Since late March, the projected cost of Mississippi Power Co.’s Kemper County coal plant has gone from $2.4 billion to $2.8 billion.
The latest figure is the cap the Mississippi Public Service Commission imposed on the project.
David Newell, president of the Central Mississippi Building and Construction Trades Council, said he isn’t surprised. In an interview last week, Newell said the cost overruns should have been expected, given who the contractors were.
“We made these predictions when (MPC) decided to bring in Yates and KBR. A lot of the projects they work on end up with huge overruns and poor-quality work.”
Yates Construction has its headquarters in Philadelphia, with offices around the state. KBR is based in Houston, Texas, and owns a portion of the technology the Kemper facility will use to turn a fuel mixture that includes lignite coal into electricity.
“I understand why the job has gone the way it has,” said Newell, who operates out of Vicksburg. “A lot of the fabrication didn’t work, as far as piping, setting it, it’s been a bad deal all around. I don’t know if that’s poor planning, poor engineering, but they’ve had some labor unrest from Day One. It’s been terrible.”
Spokespeople from each company disputed Newell’s assertion. Yates spokesperson Kenny Bush called Newell’s claims “ridiculous.”
“We’ve been in business for 50 years because we have a lot of pleased owners out there,” Bush said. “We would not have been as successful as we’ve been if we had a history of doing things like that. We’ve done $30 million worth of work on Kemper.
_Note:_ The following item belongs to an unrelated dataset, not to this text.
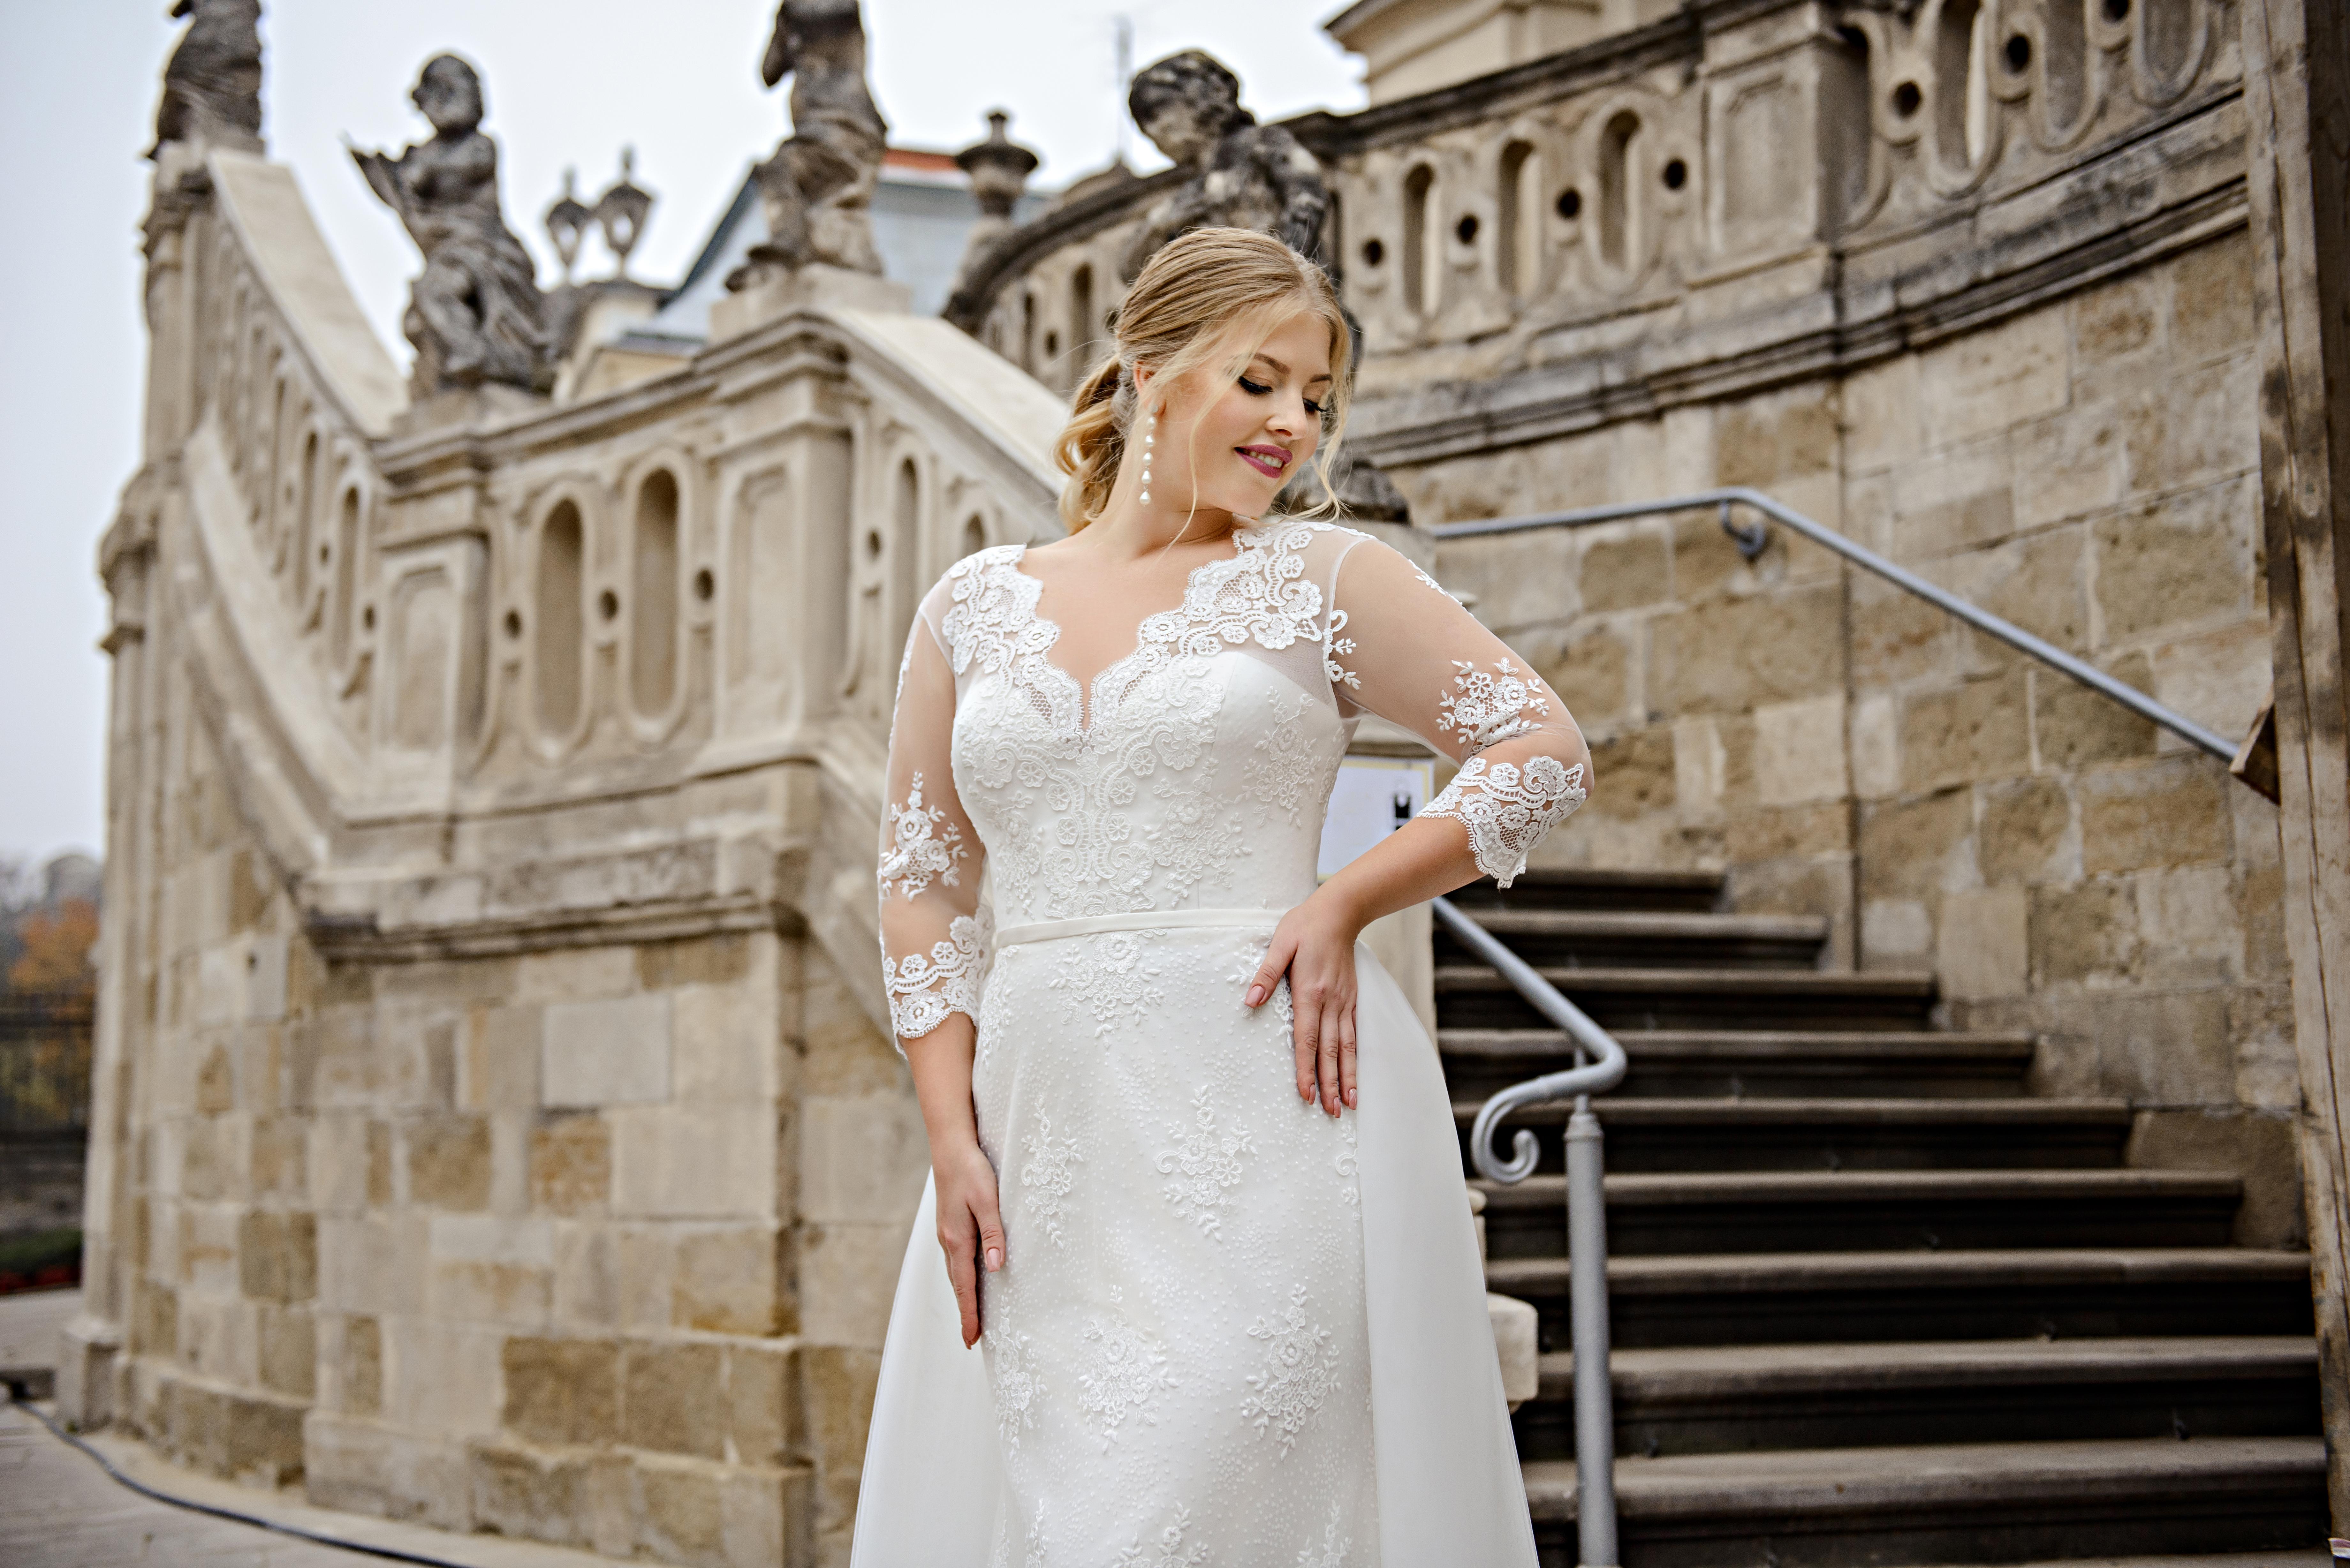 Plus size wedding dress transformer  on wholesale from SuperNova manufacturer-1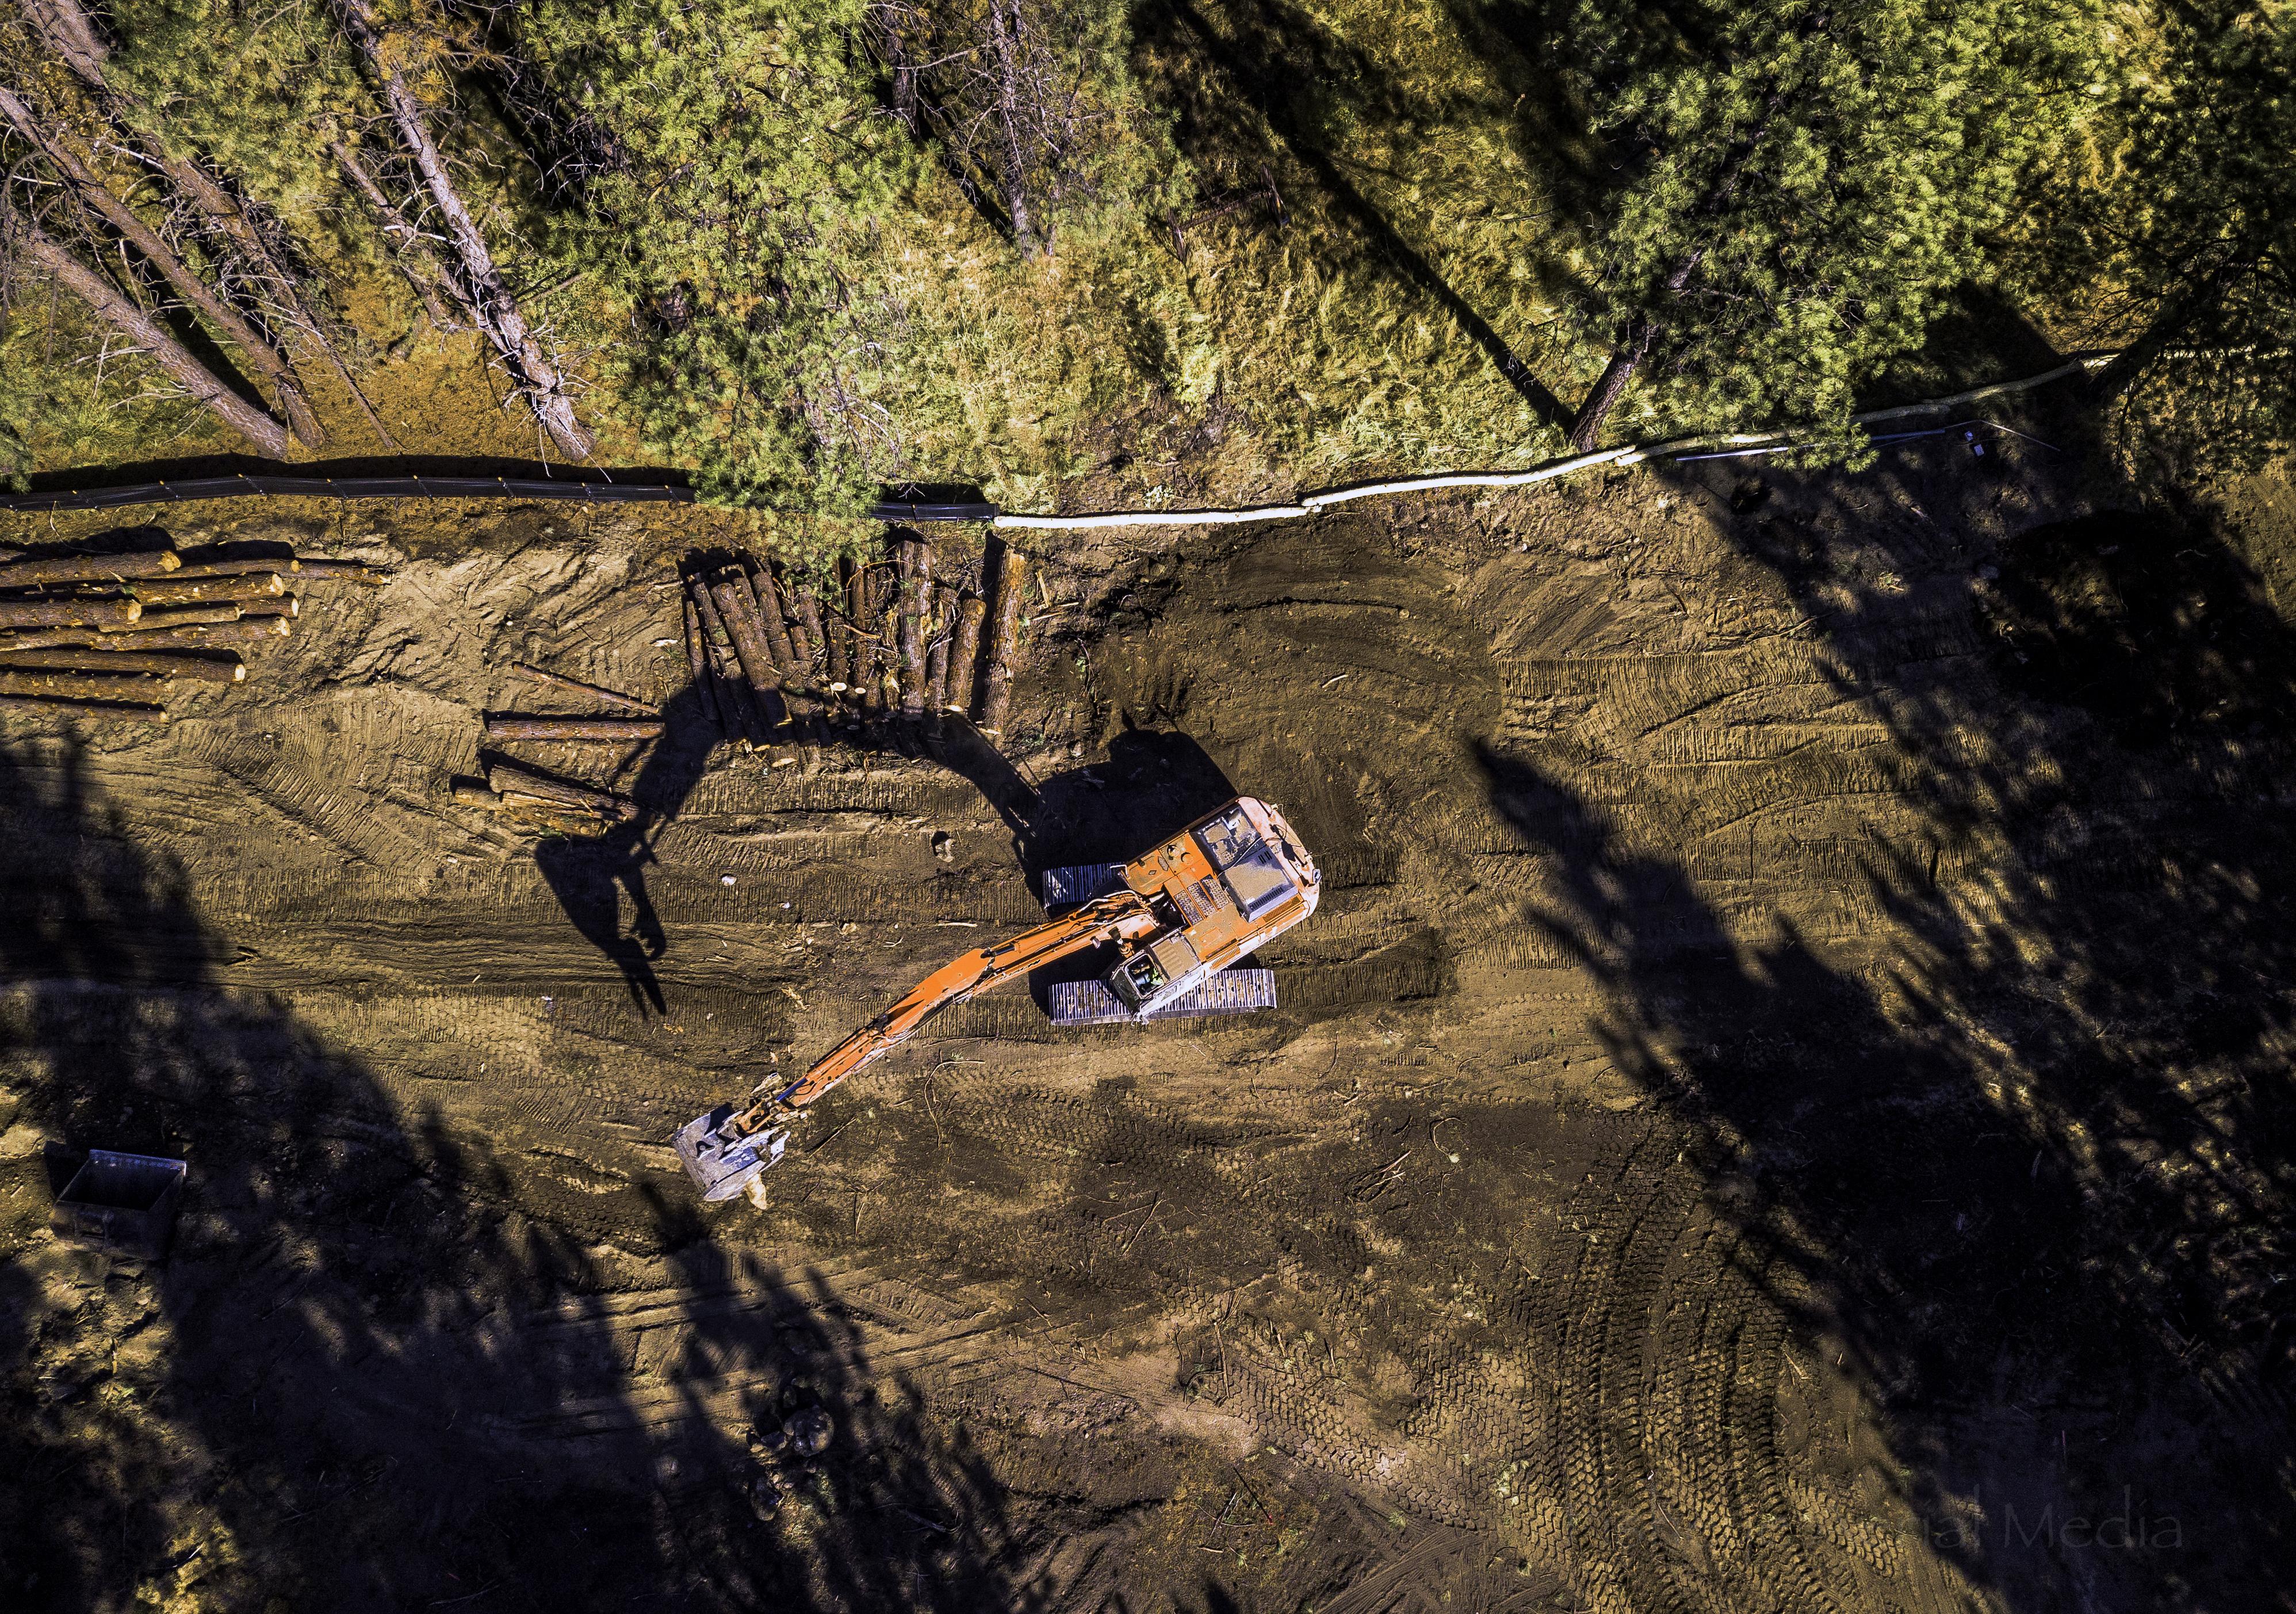 Latham excavator clearing trees

So for anyone to think that we’ve been responsible for the cost overruns is ridiculous.”
Marianne Gooch, a KBR spokesperson, and Bush both disputed reports that surfaced in the first week of August that Atlanta-based Southern Co. — MPC’s parent — had fired the two companies from the Kemper project.
Bush said Yates has four contracts with the coal plant , three exclusively under the Yates flag and one that was a joint venture with KBR. The joint venture contract was modified to bring in Baton Rouge-based Performance Contractors. The other three remain in place, Bush said.
KBR, as part-owner of the technology the plant will use, will still provide engineering and start-up services as the plant moves closer to commercial operation, scheduled for May 2014.
“The truth is we were almost done (with the contracting part) anyway,” Gooch said. “If Southern Co. really believed that we did poor-quality work, it would spill over into other elements, and that’s just not the case. The idea that we were fired from the project because we didn’t perform to a certain level could not be farther from the truth. Southern Co. has indicated to us that they are very pleased with our work. Even in private meetings they’ve indicated that. Proof of that is that we’re still active on the project.”
KBR employees will have the opportunity to catch on with Performance, Gooch said.
Newell said Performance started a round of interviews with those employees Aug. 8 at a satellite office in Meridian, a few miles south of the job site. Newell said he intended to visit that office late last week to assess that process.
Newell also claims that Southern Co. reneged on a labor agreement established with Newell’s Council.
Newell said while the Kemper project was still winding its way through the PSC-approval process, his organization reached a deal with Southern Co. that the utility would use workers who were either Council members, Mississippi residents or both, if it would throw its support behind the coal plant.
The Council agreed to those terms, Newell said, and spent $50,000 renovating and repairing an old school building near the job site that it would use to train workers, signing a five-year lease in the process. The Council, Newell added, provided the names of 9,000 workers who could potentially work on the project.
“We jumped through every hurdle they asked us to as far as putting together a project-labor agreement,” Newell said. “And when it came down to it, we haven’t received anything. No reason why, we just got the door slammed in our face.” Based upon his trips to the Kemper site, Newell estimated that “about 80 percent” of worker vehicles carried out-of-state tags.
In an Aug. 9 press release, MPC CEO Ed Day said of the 2,000 workers at the Kemper site, more than half were from Mississippi. Overall, Day said, more than 250 Mississippi companies are involved in the project, with Yates being the largest state-based contractor.
Newell said he’s hopeful Southern Co. will agree to use some of the workers on the Council’s list when it comes time to award the plant’s last major contract, which deals with the delivery of the coal from the nearby mine to the plant.
A phone message left with Southern Co.’s media relations office was not returned by the Mississippi Business Journal’s press time last week.